На этажах они разойдутся по гладким, отсвечивающим, будто дуло, коридорам, отличным только табличками на дверях. Их повертит в отделах десятков различных журналов, вновь подвешенный на троссах ящик соберет и спустит вниз. Ненадолго они смешаются в улочке-преддверии. Разнесут их собственные ноги. Автобусы с горячими от солнца дерматиновыми сиденьями. Сплотки электрических вагонов с ветром, с визгом токоприемника по контактному рельсу бегущие от одной подземной станции к другой, куда по косо падающим стволам спускаются людские потоки.
У себя в комнатке на одиннадцатом этаже Юрий Иванович посидел, привалившись к стене. Стена подрагивала: на первых этажах, в подошве двадцатиэтажной башни, типографские машины гнали миллионные тиражи.
Зазвонил телефон. Пошло, поехало, покатилось!
Телефон пускал редкие, густые трели. Звонил мужчина, не любитель говорить, скучный, с тяжелым нравом. Так же вероятно, что нрав ни при чем, звонить в редакцию для него дело непривычное. В том и другом случае разговор укладывается в точный вопрос — ответ, знал Юрий Иванович. Дойный аппарат, так он называл свой телефон, за годы сотрудничества выработал способность получать информацию о человеке на том конце провода — по дыханию в мембрану или по тому, как человек вертел диск или вдавливал кнопку, еще ли как — тут была закрытая для людей жизнь гигантской грибницы телефонной сети, а затем телефон своим звонком моделировал собеседника.

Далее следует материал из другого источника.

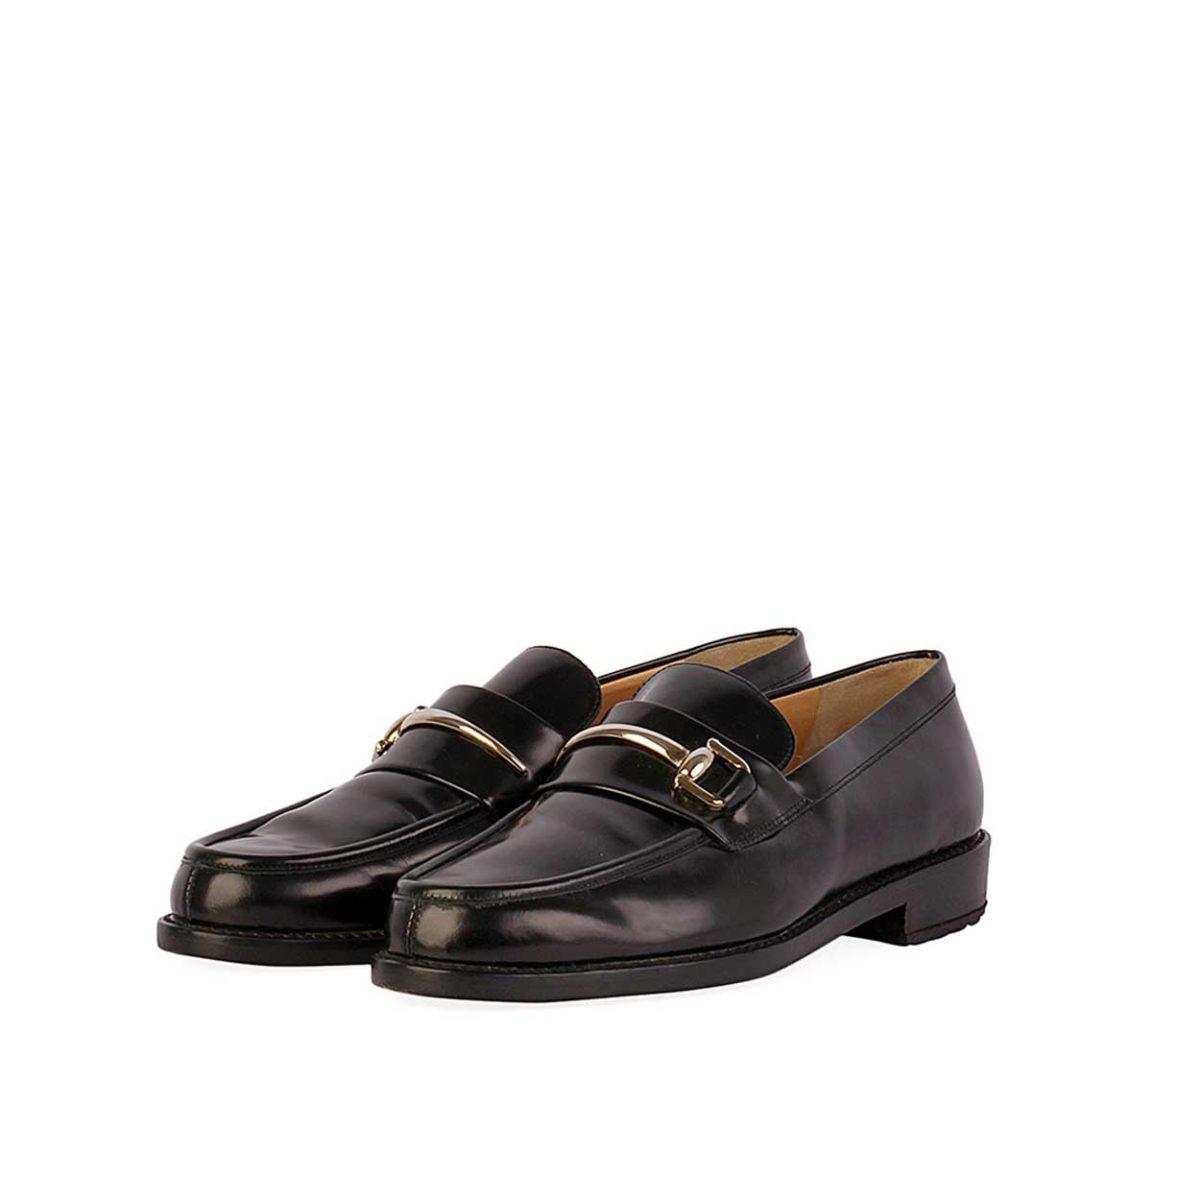 09fc2fdd28c GUCCI Horsebit Leather Loafers Black – S  35.5 (2.5)

Юрий Иванович угадывал звонки автора-новичка и нахрапистого профессионала, зубами вырывавшего место в номере, звонки жены и детей, и главного редактора, и сукиного сына, что с придыханием сообщает о посланной им жалобе в высокие инстанции, и звонки друзей, их жен, и какого-нибудь полузабытого приятеля, трижды подводившего, он просит командировку в Краснодарский край, тащится туда с семейством в отпуск, ясное дело, подведет в четвертый раз, напишет зелепуху, отписку. С легкостью Юрий Иванович угадывал в треньканье телефона настойчивое требование и припасенную угрозу, нудеж, как будто бесцельный, а на самом деле имеющий цель сбросить на другого тягостное состояние. Но удивительное дело, не всегда угадывал звонок друга, этакий знак без особого вроде смысла: чего пропал, или: улетаю в командировку. Телефон, таким образом, предупреждал не о цели звонка, а о средстве, какое применят против Юрия Ивановича, заставляя сделать нужное им. Юрий Иванович до сих пор не решил, стал ли телефон, этот набор катушек и проводков, заключенный в пластмассовый корпус, союзником и щадит его, предупреждая. Или же глумится над Юрием Ивановичем, одобряя превращение потока слов, пропускаемых ежедневно через его начинку, в некую присоску, щупалец, через которую город высасывает из Юрия Ивановича жизненные силы, и всем своим телефонным существом дожидается дня, когда от Юрия Ивановича останется оболочка с усиками и ободком золотого кольца на бескровном пальце.